I had GD during my pregnancy and was so stressed and overwhelmed by it all. I did deliver vaginally at 39w2d. My baby was fairly small due to the diet though... He was 6lbs. 12oz. After reading a bunch of info online I was so upset. Meeting with the nutritionist and collaborating closely with nurses helped me immensely. I assumed I needed to watch my caloric intake but they were more concerned with my carb servings. I found that Aunt Millies Fiber for Life Wheat bread is really low in carbs and I ate Dannon Light and Fit Yogurt as another staple. My fasting numbers were out of control despite what tricks they had me try so I HAD to do insulin. I tried glyburide once only to have a severe reaction at the smallest dose and wound up hypoglycemic. I did MUCH better on insulin and never took more than 8 units before bed. I guess research is still out on whether or not to take metformin during pregnancy. In my thinking if I would have stayed on it (PCOS/insulin resistance dx) then I wouldn't have had the blood sugar problems in the first place. I guess there is no proof that it doesn't harm the baby after the first tri so they don't like patients to stay on it. I found as I went along that eating more carb servings before bed helped my insulin stay under control even further. I know it will be hard not to stress about it and focus solely on GD and all the special testing and such but try to take it easy. Please email me if you need to talk!

T-girl said...

GD is not uncommon, I know a bunch of my friends who got it in one of her pregnancy but no with others.

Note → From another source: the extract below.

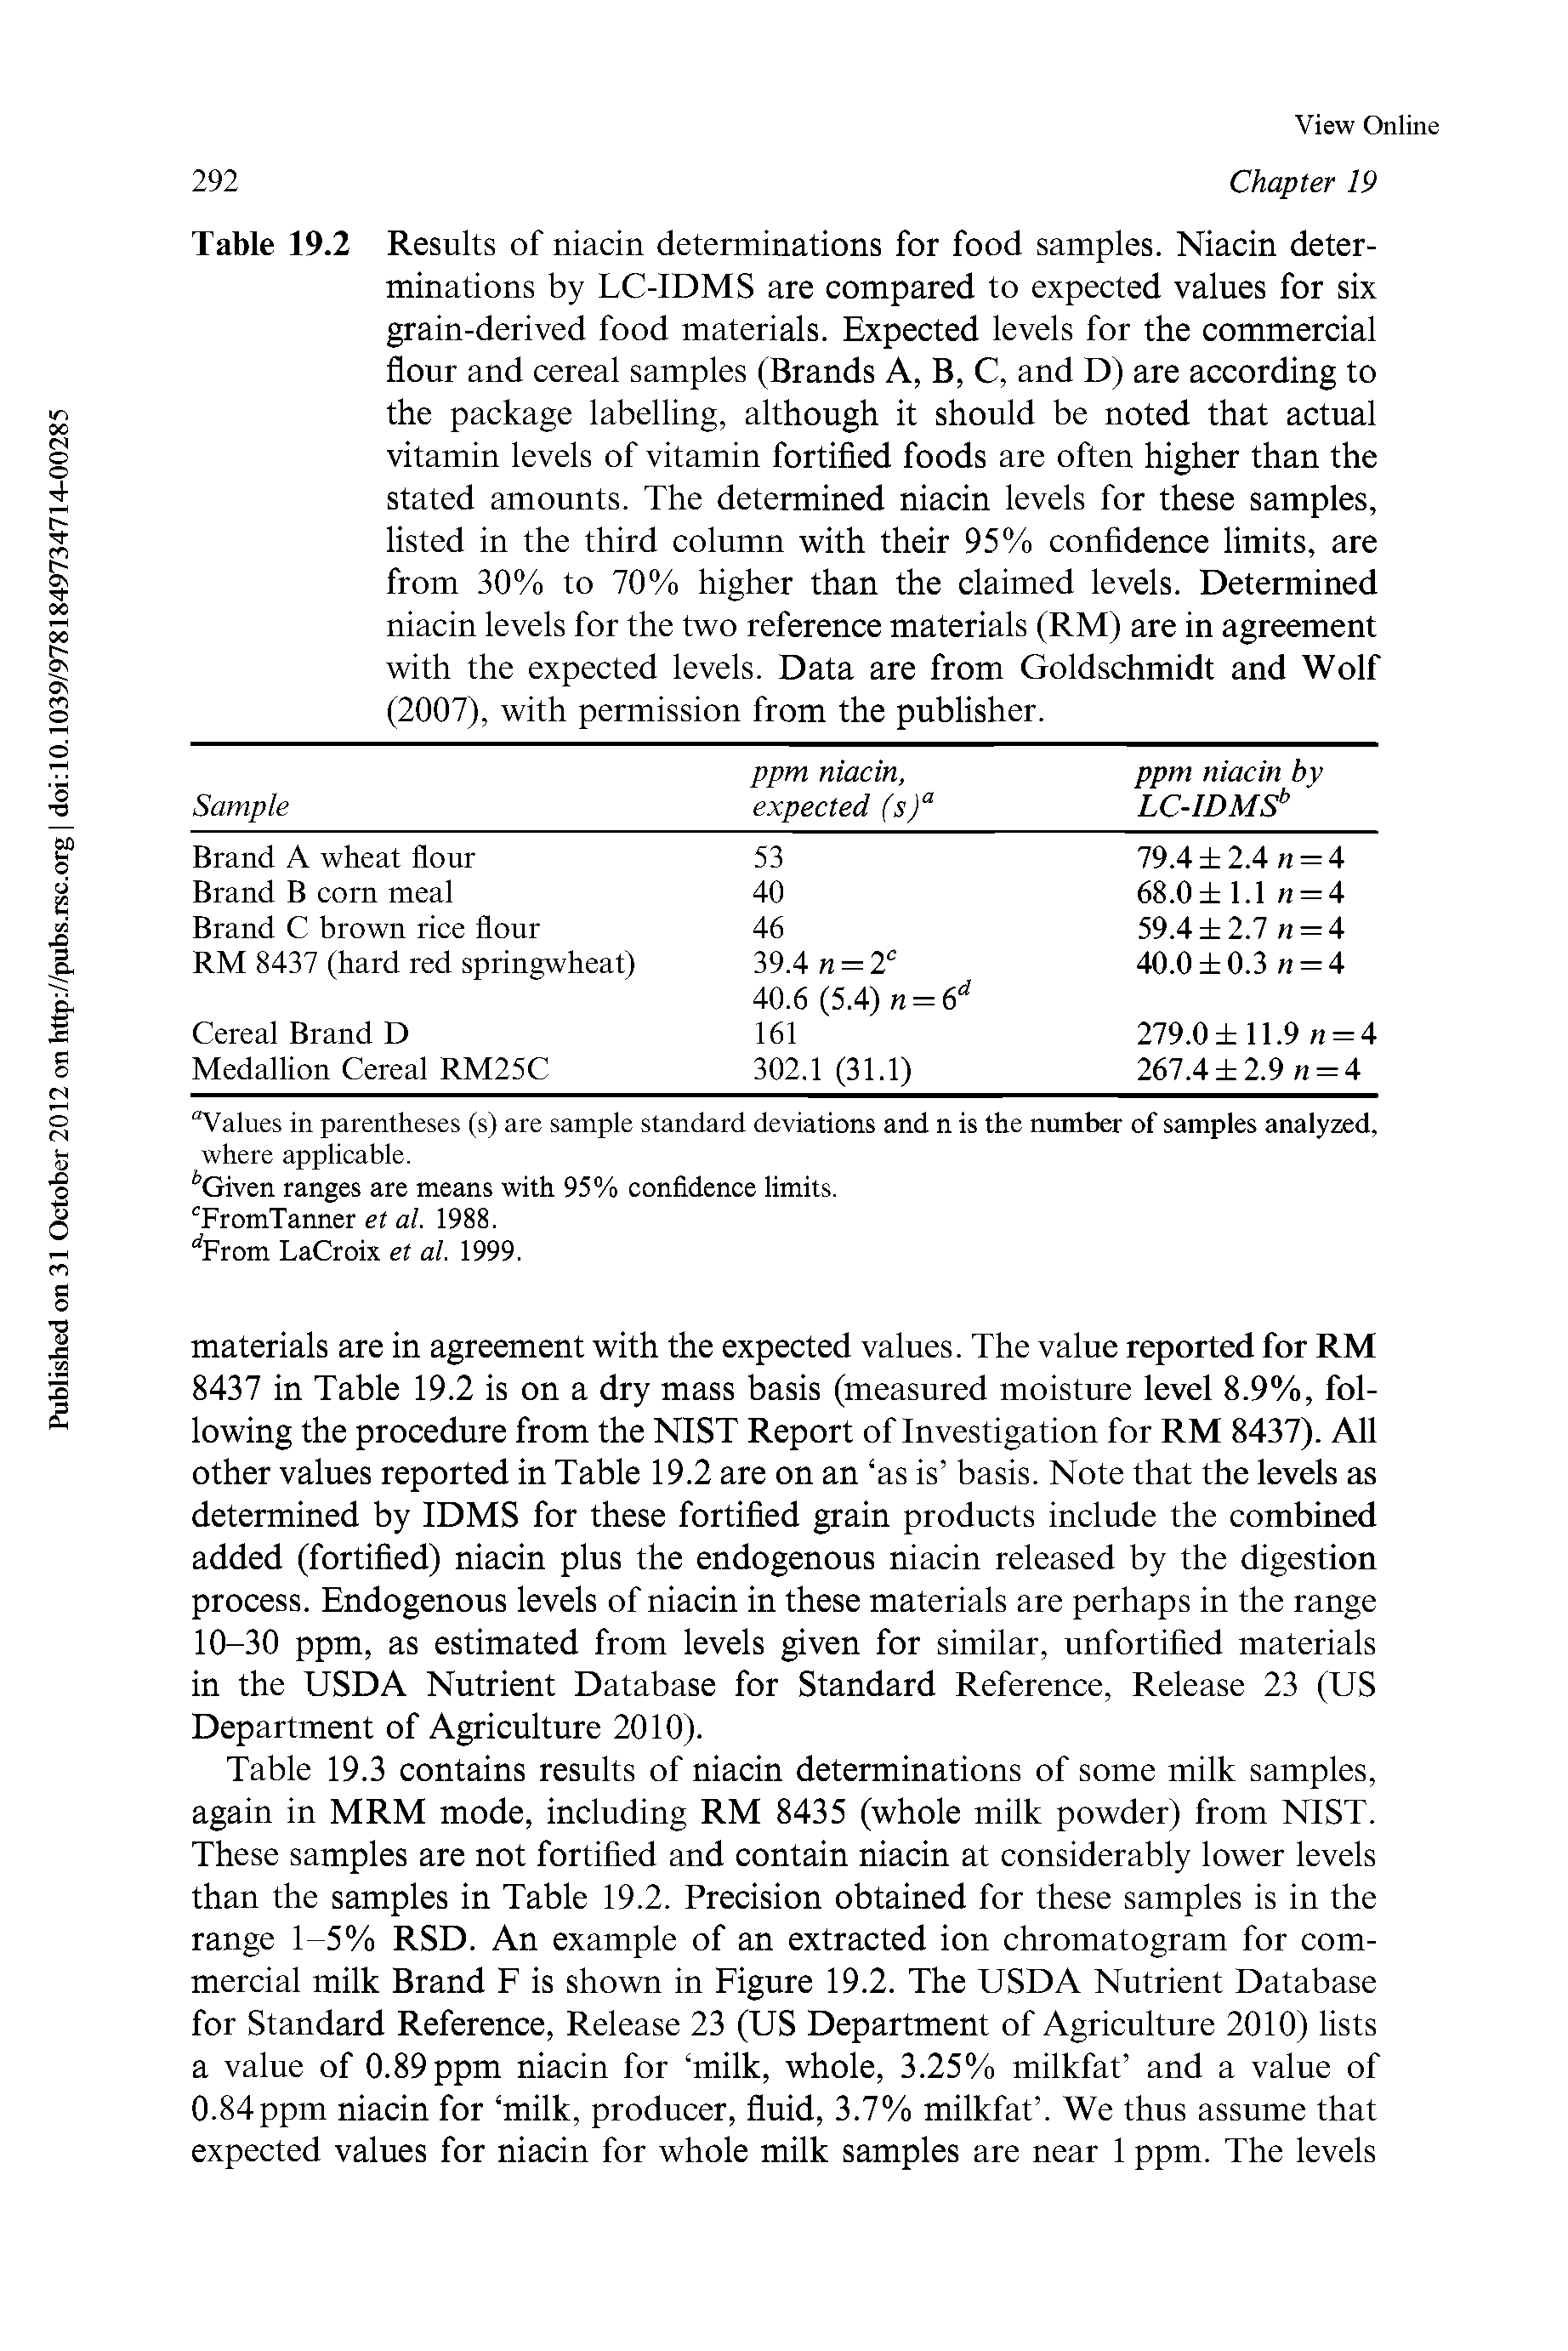 Table 19.3 contains results of niacin determinations of some milk samples, again in MRM mode, including RM 8435 (whole milk powder) from NIST. These samples are not fortified and contain niacin at considerably lower levels than the samples in Table 19.2. Precision obtained for these samples is in the range 1-5% RSD. An example of an extracted ion chromatogram for commercial milk Brand F is shown in Figure 19.2. The USDA Nutrient Database for Standard Reference, Release 23 (US Department of Agriculture 2010) lists a value of 0.89 ppm niacin for milk, whole, 3.25% milkfat and a value of 0.84ppm niacin for milk, producer, fluid, 3.7% milkfat . We thus assume that expected values for niacin for whole milk samples are near 1 ppm. The levels...
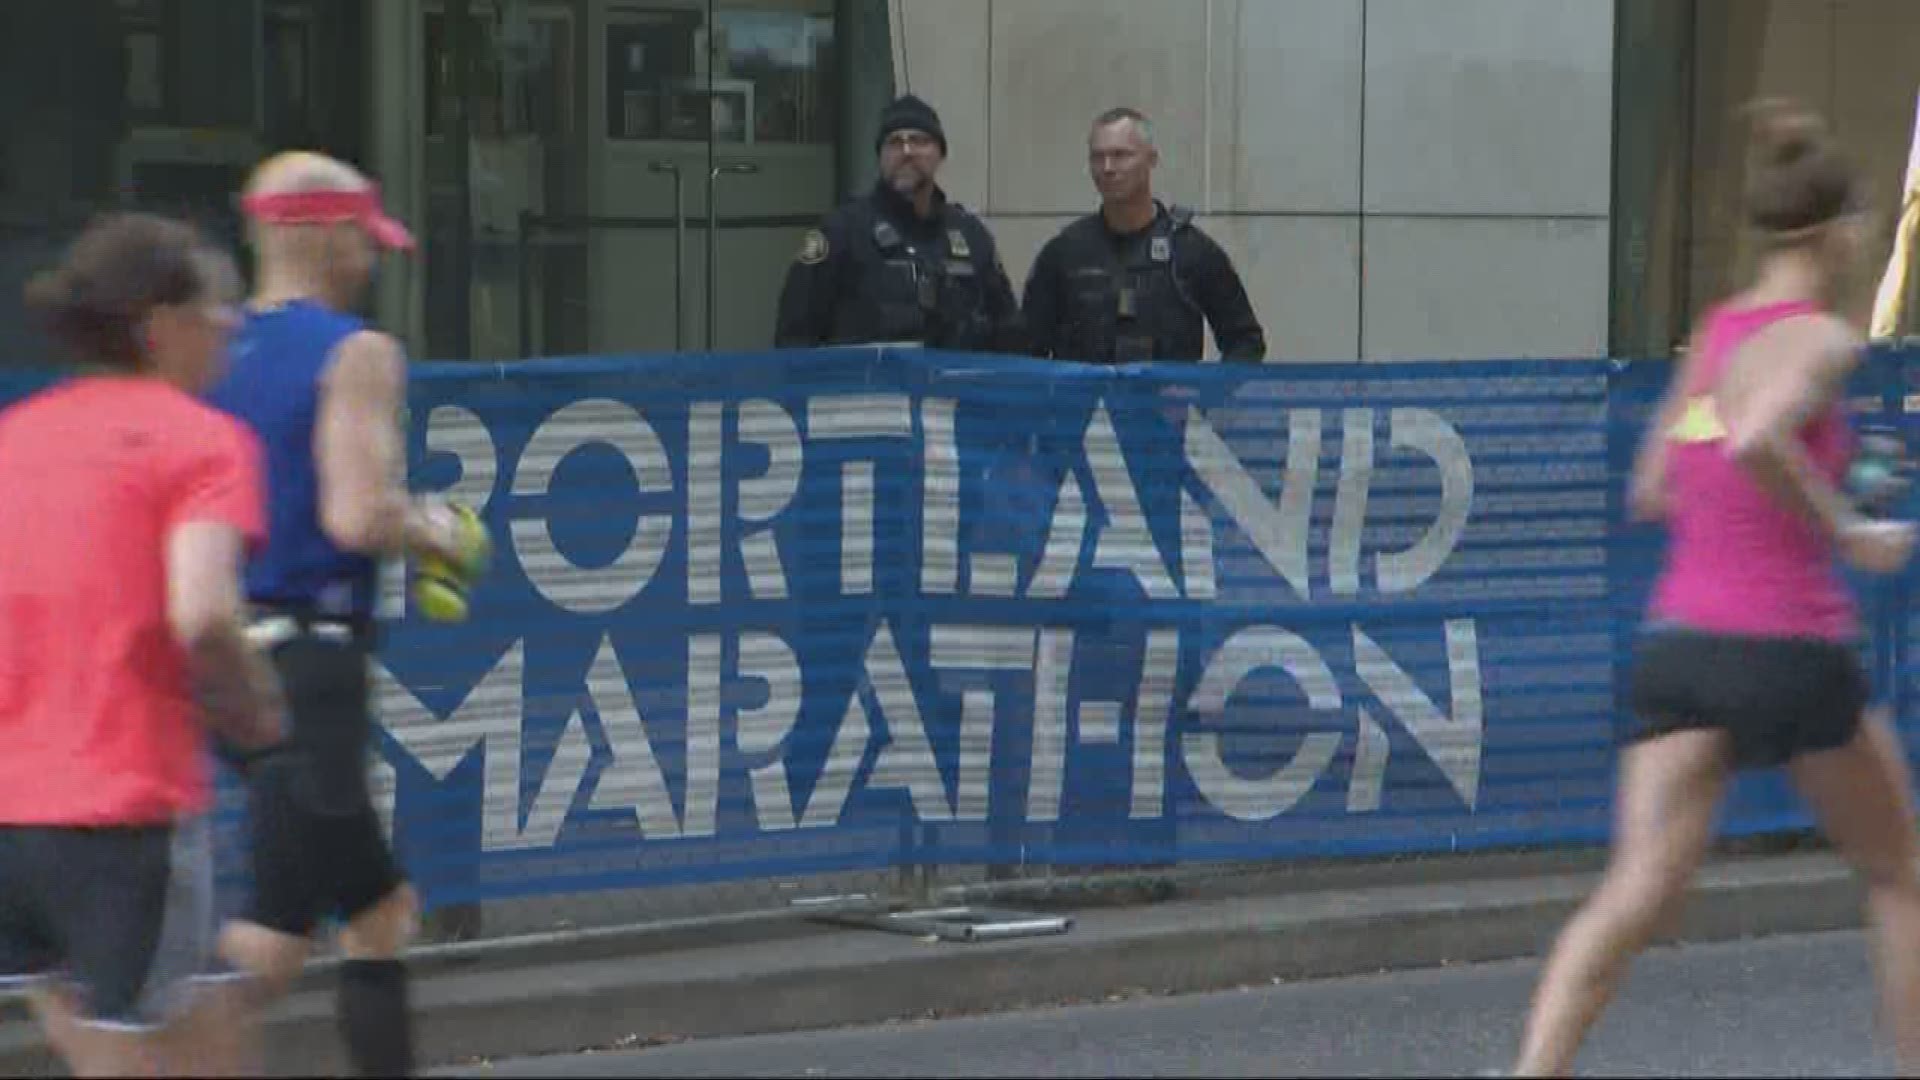 PBOT and Portland marathon agree on route

There is no risk if you have it under control.

Everything is going to be just fine!

waitinginline said...

HAPPY 31 WEEKS!!!!!

A. said...

I am an L&D nurse, as the girls here have written, most GD births go fine.
However, women with GD &/or PCOS are at higher risk for certain complications. The best thing you can do is continue to follow your MD's advice on management of your condition, and eat as advised by the diabetes counselor as best you can. A fellow nurse brought some ADA diabetic cookbooks to work the other day and the stuff looked GREAT!! I copied a bunch of the recipes and I'm not diabetic :)

Most of our GD patients are managed by diet alone, if not the next biggest GD group takes glyburide. If that doesn't do it, they take insulin.

I hope you have a great birth and babymoon!